The California Division of Workers’ Compensation has issued a statement advising that it is “neither ethical nor proper to attempt to coerce medical providers.”
According to William Zachry, vice president of corporate workers’ compensation for Safeway and chair of the Workers’ Compensation Fraud Assessment Commission, the statement stemmed from controversy that arose when a Los Angeles attorney sent an e-mail to doctors who evaluate injured workers for the state workers’ compensation program, saying that a group of attorneys would not support any doctor who contributed to Gov. Arnold Schwarzenegger’s re-election campaign. Zachry was the keynote speaker at the Golden Gate Chapter of the Risk and Insurance Management Society Inc.’s meeting in San Francisco on July 20.
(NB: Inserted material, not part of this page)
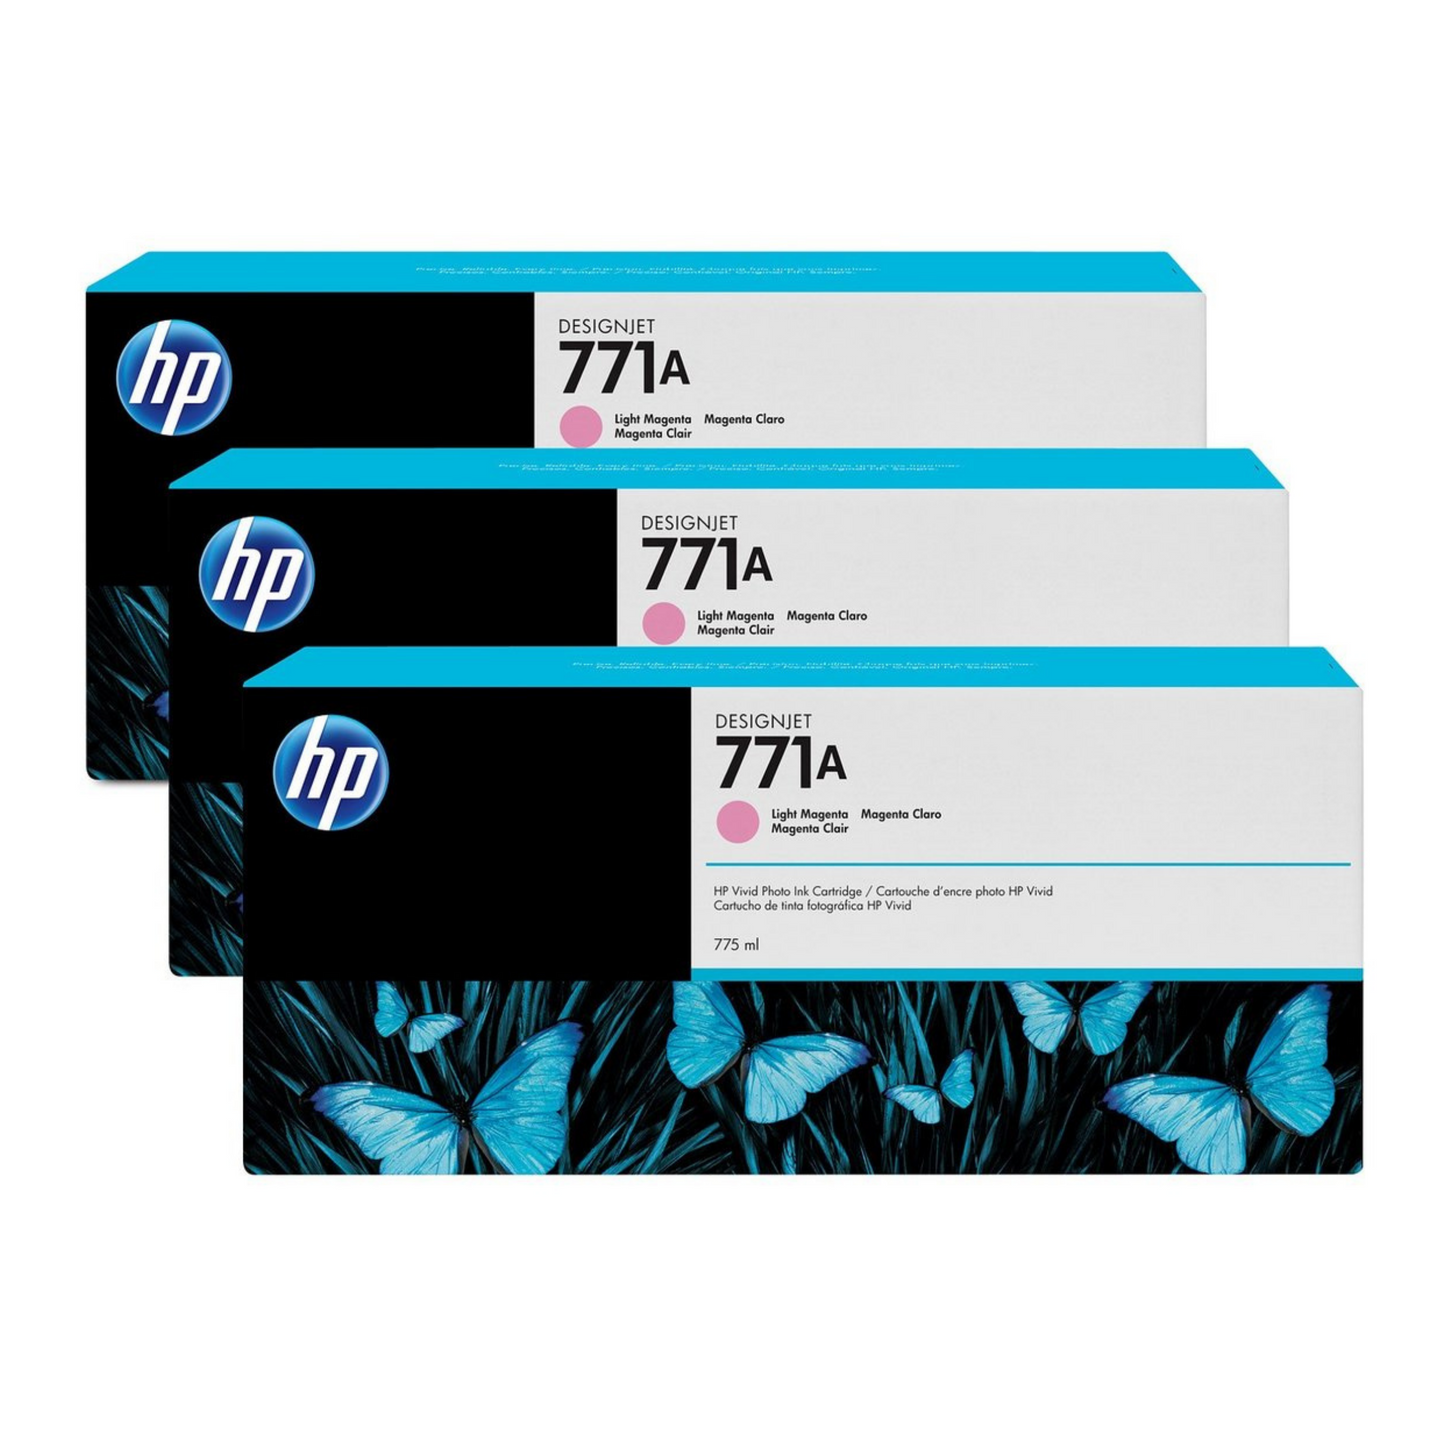 HP 771A CARTUCHO MAGENTA CLARO TRI-PACK DESIGNJET 775ML B6Y43A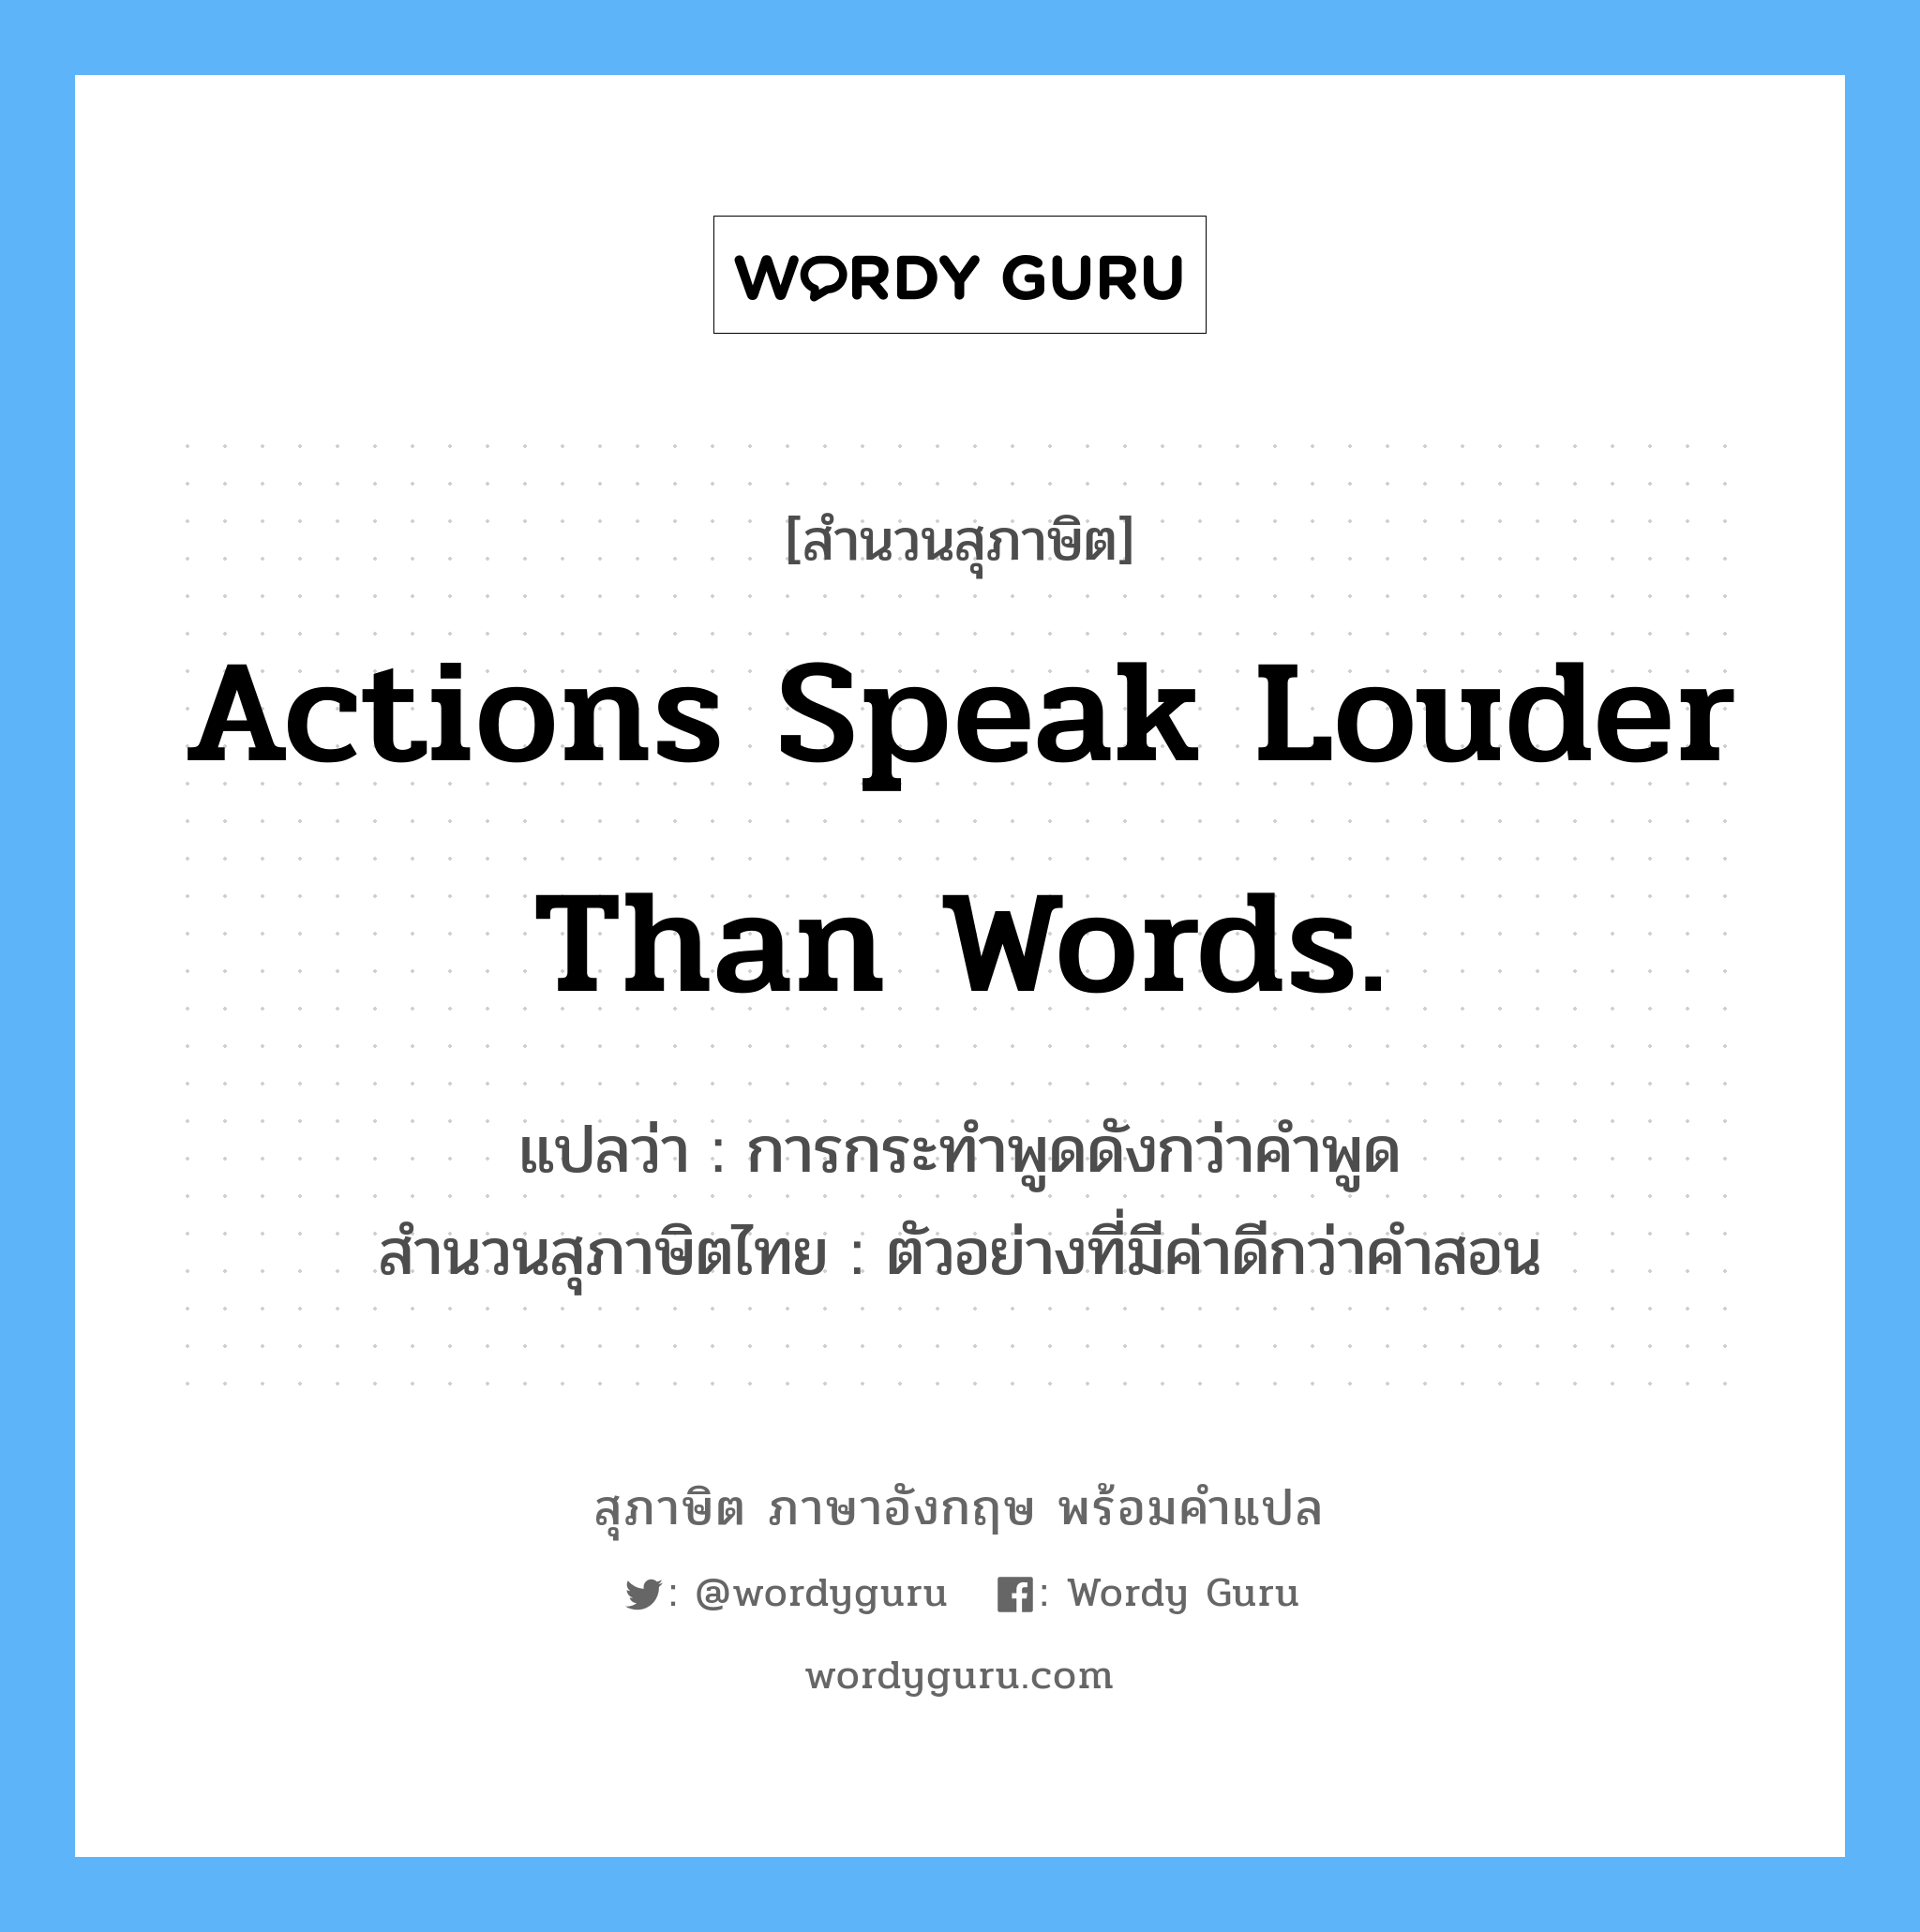 Actions speak louder than words. แปลว่า?, สำนวนสุภาษิต ภาษาอังกฤษ Actions speak louder than words. แปลว่า การกระทำพูดดังกว่าคำพูด สำนวนสุภาษิตไทย ตัวอย่างที่มีค่าดีกว่าคำสอน

According to the CDWC, the lawyer who wrote the e-mail was a member of the California Applicant’s Attorneys Association (CAAA) board of governors.
“We want as unbiased a group of medical evaluators as possible,” said DWC Executive Medical Director Dr. Anne Searcy in the statement. “Physicians need to be free to perform exams and report on cases without being pressured to produce a specific result or support a specific political agenda.”
“It is improper for a physician, attorney or others to offer, deliver, receive or accept compensation or inducement for a referred evaluation or consultation. Physicians should not be required to express a political preference or make a political contribution, or suffer any other form of coercion, in order to receive patient referrals,” she said.
The statement also noted: “Labor Code section 139.3(c)(2) provides that it is unlawful for ‘a physician to …accept any preference or other consideration as inducement for a referred evaluation…’
“Labor Code section 4906(g) requires the attorney for each party to sign a statement under penalty of perjury that it has not offered any preference as inducement for any referred examination.
“Labor Code section 3215 states that any person who offers, receives or accepts any preference as inducement for referring clients or patients to perform or obtain services is guilty of a crime.”
A related article was published in today’s Los Angeles Times.
“Applicant attorney’s income is down, and they attribute that to Schwarzenegger,” Zachry said. “This is very intersting from a political and legislative sense.”